In the 6 months that followed, motivated by the need to create more cost-effective options for domain-specific AI, another team from Microsoft released AdaptLLM, which trained domain-specific models via reading comprehension text. This team showed how a smaller AdaptLLM-7B model could achieve competitive performance on domain-specific tasks in finance to larger models such as BloombergGPT-50B (chart below) at a significant fraction of the cost and time. Additionally, the Microsoft team demonstrated that this method opens the potential for customizability across different domains including biomedicine and law.
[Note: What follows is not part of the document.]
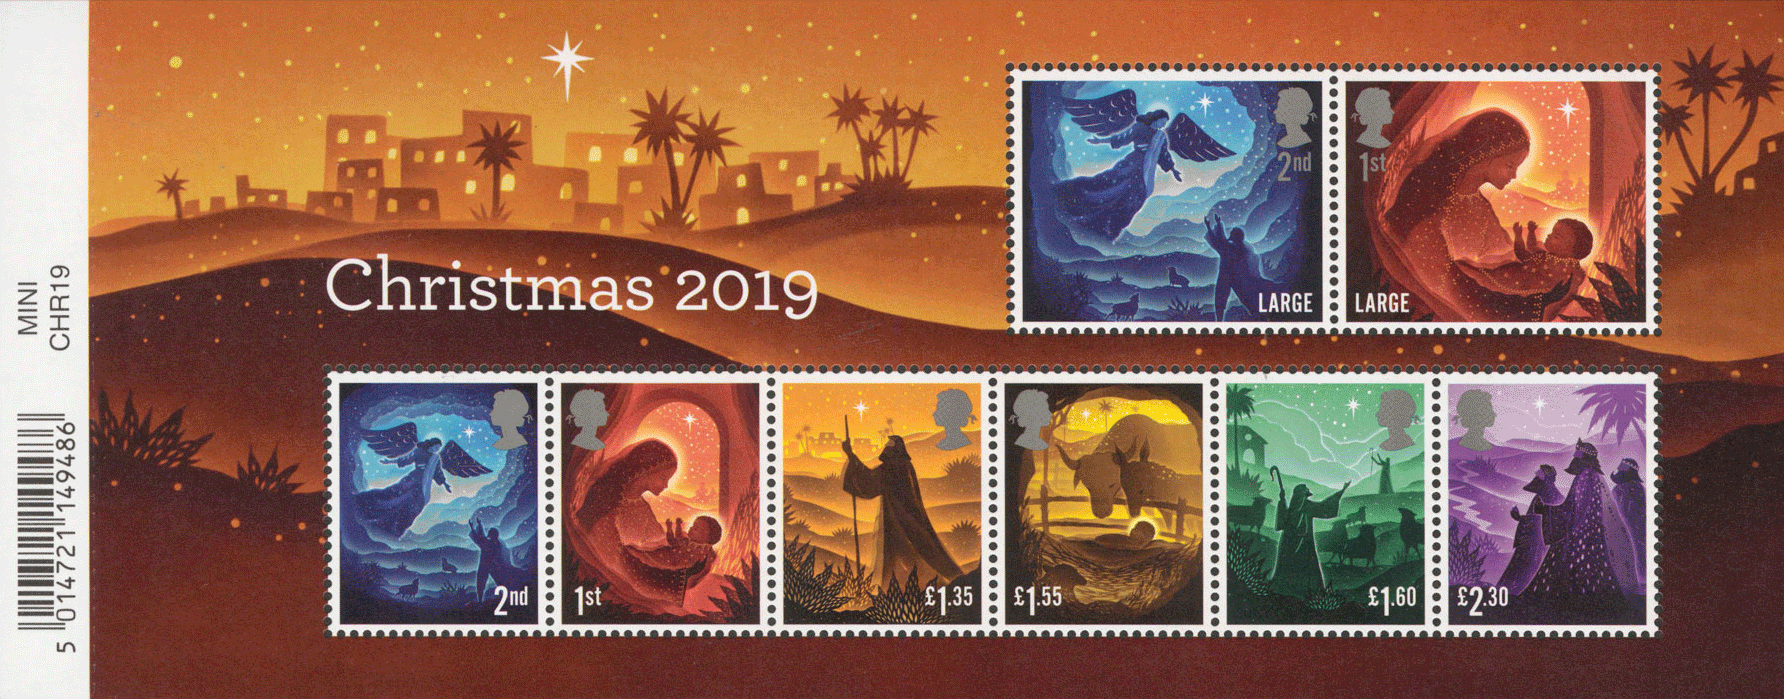 A small sheet of stamps containing 8 stamps featuring images of the nativity story.

IV. SLMs as a panacea to training data limitations: TinyStories-28M, Phi-1, Orca-2
Beyond compute resource considerations highlighted in Section III, training data (both in terms of volume and reliability) has been identified as a potential real-world constraint for machine learning:
Thankfully, smaller datasets as well as synthetic datasets have been shown to satiate the training of SLMs:
In “TinyStories”, Microsoft researchers trained SLMs on a synthetic dataset of short stories that only contained words that a toddler would understand. Despite their size and simple architecture, these models still produced fluent and consistent stories with several paragraphs that were diverse and had near perfect grammar. The study also showed that GPT-4 (as an evaluator) preferred stories generated by a 28M parameter SLM trained on TinyStories to those generated by GPT-XL (1.5B parameters).
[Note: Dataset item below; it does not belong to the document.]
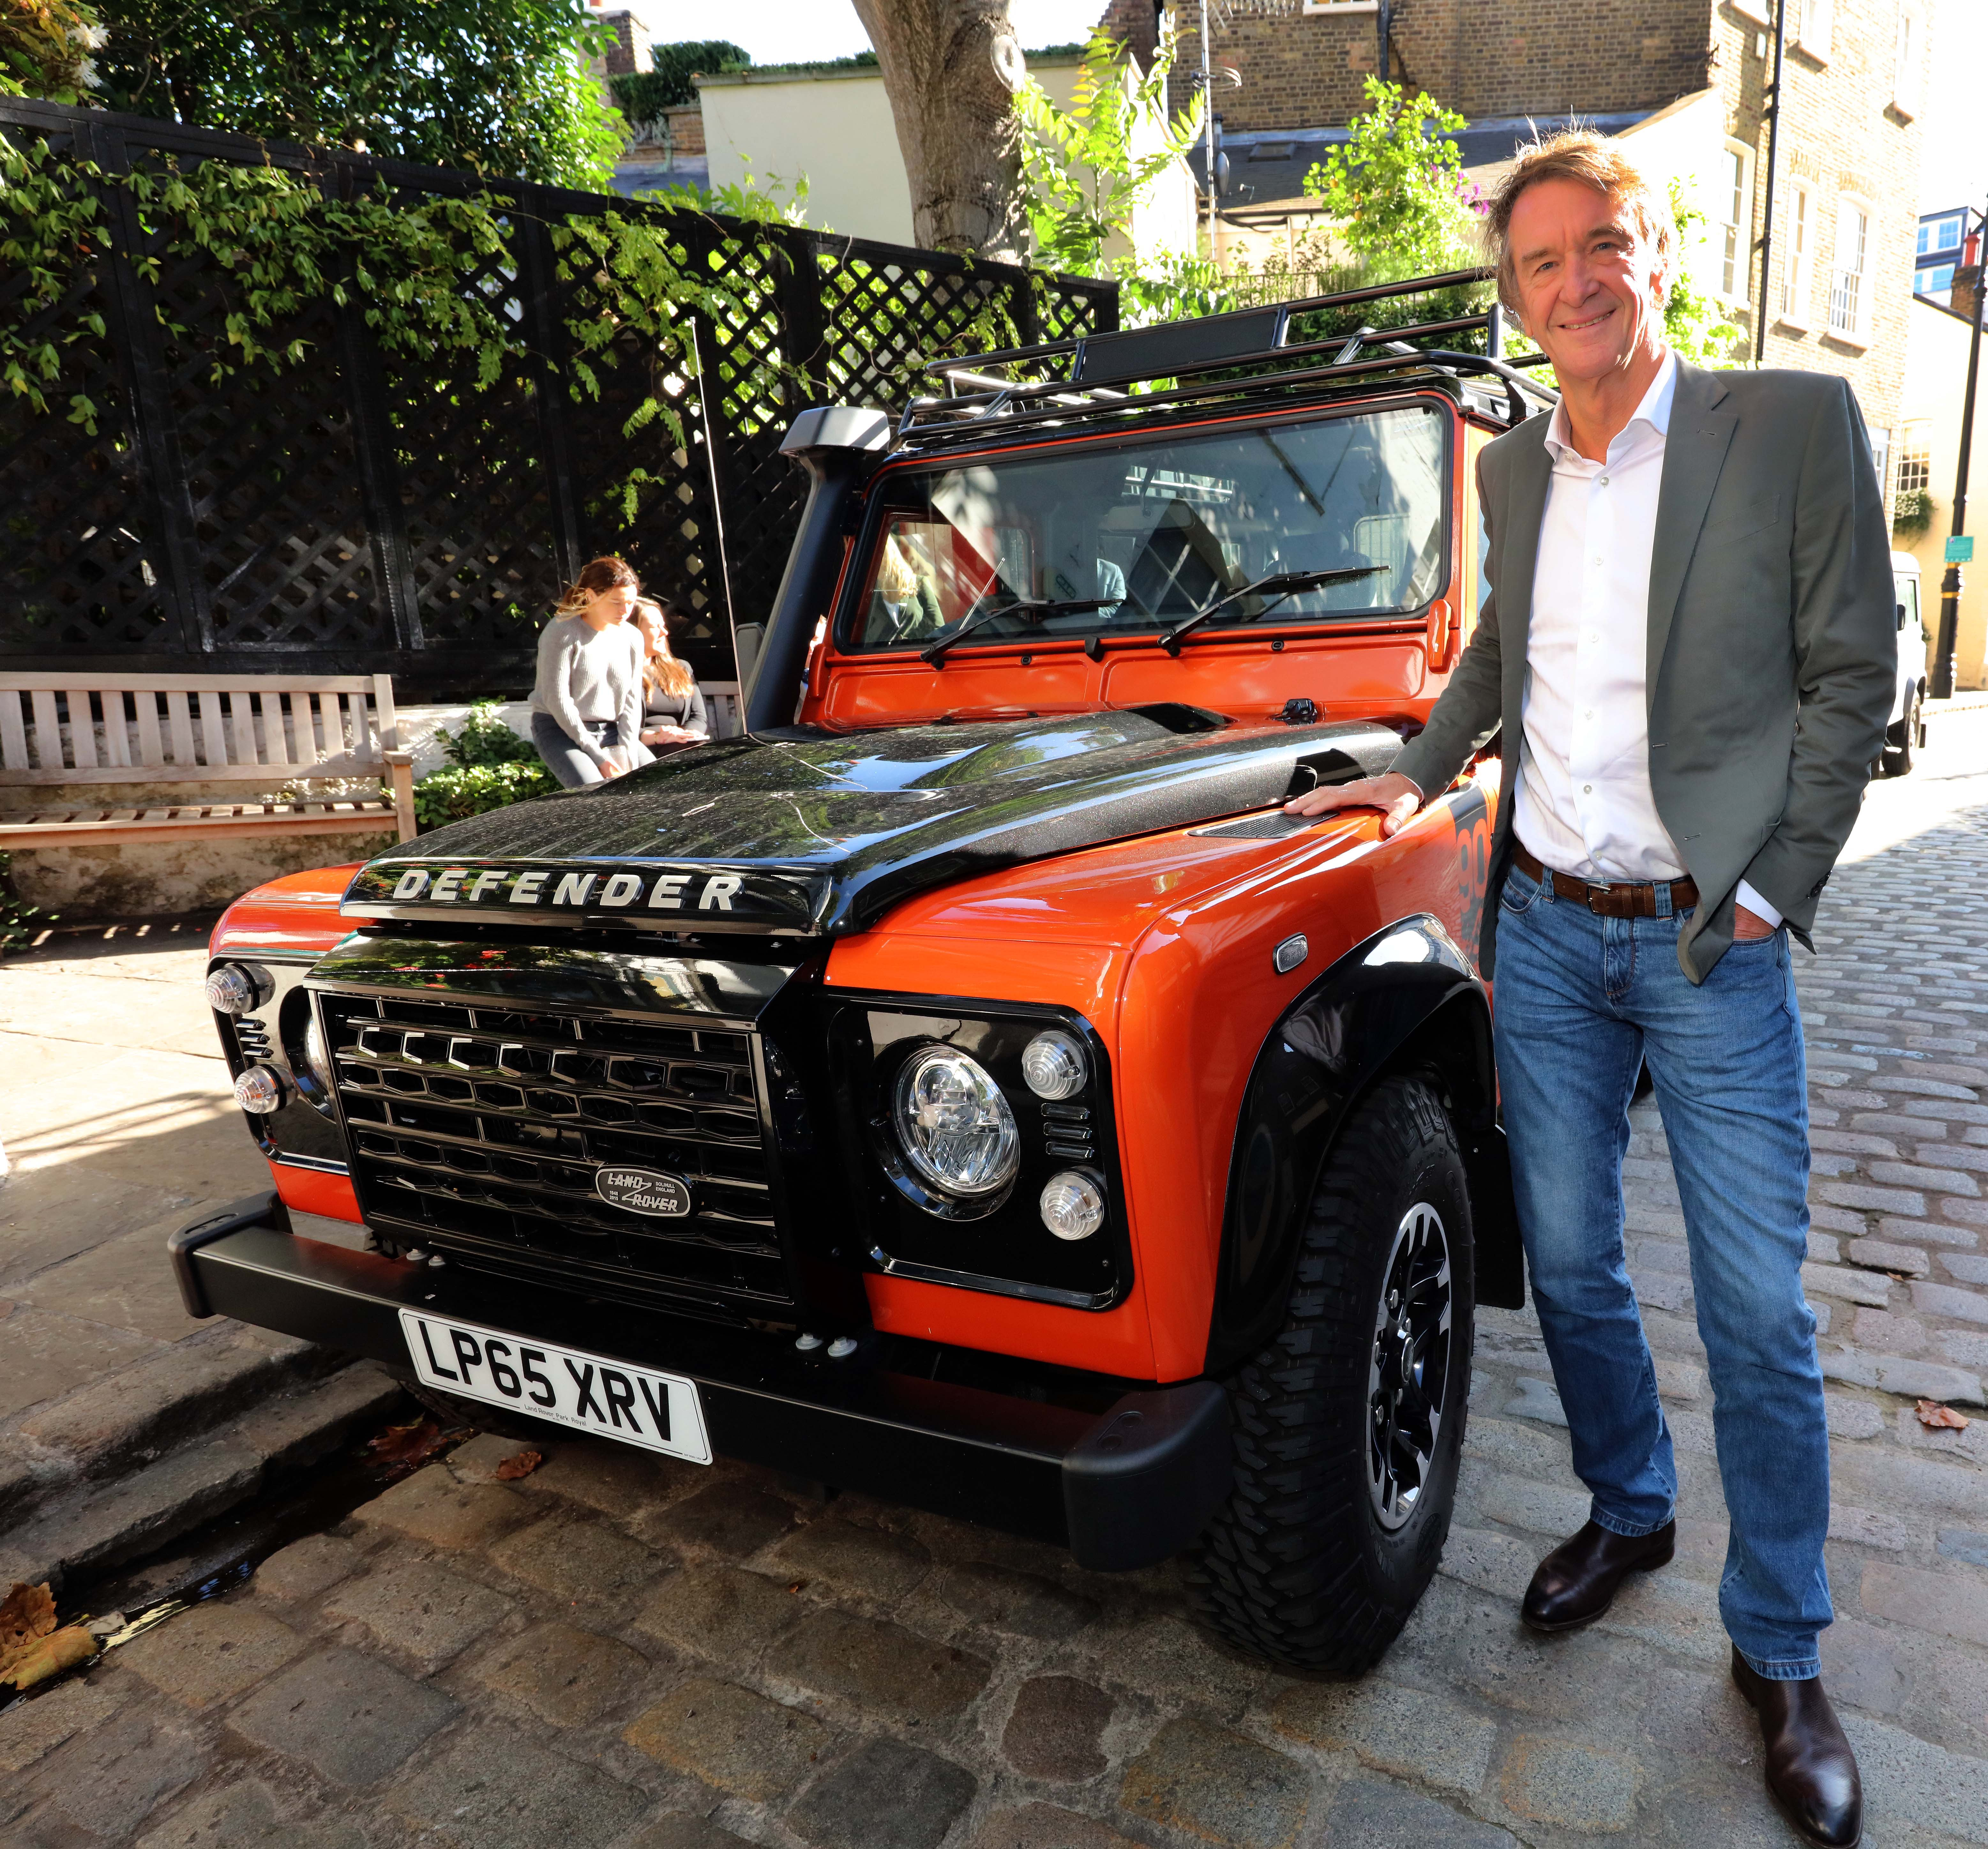 Jim Ratcliffe has halted plans for his latest electric sports car with his Ineos Group

In “Textbooks are all you need”, Microsoft researchers trained Phi-1 (a transformer-based model with 1.3B parameters) for 4 days on 8 A100s, using a selection of 6B tokens of “textbook quality” data from the web and 1B tokens of synthetically generated textbooks and exercises with GPT-3.5. Despite its small scale, Phi-1 achieved state-of-the-art performance on Python coding among existing SLMs (specifically pass@1 accuracy 50.6% on HumanEval and 55.5% on MBPP). These researchers subsequently published “Textbooks are all you need II” detailing Phi-1.5. These bodies of work set the foundation for Phi-2 discussed in Section II.
Orca 2 (which comes in 7B as well as 13B versions) was developed by Microsoft by fine-tuning Meta’s Llama-2 on curated, high-quality synthetic data. Orca 2 achieved competitive performance levels to larger models, especially in zero-shot reasoning tasks:
The SLM movement will grow bigger
These are just a handful of case studies demonstrating the power and benefits of SLMs. So many more exciting examples have been popping up all over the world recently, involving different languages and use cases. With AI innovation accelerating at rapid speed, novel techniques like QLoRA are constantly being developed to push the limits on SLMs, allowing them to become better, cheaper, and faster. I’m excited for this momentum since I wholeheartedly believe that future AI innovation cannot be driven solely by increasing parameters. Additionally, small model developments can further unlock AI proliferation by enabling organizations, particularly startups with limited resources, a practical way to leverage AI for their use cases.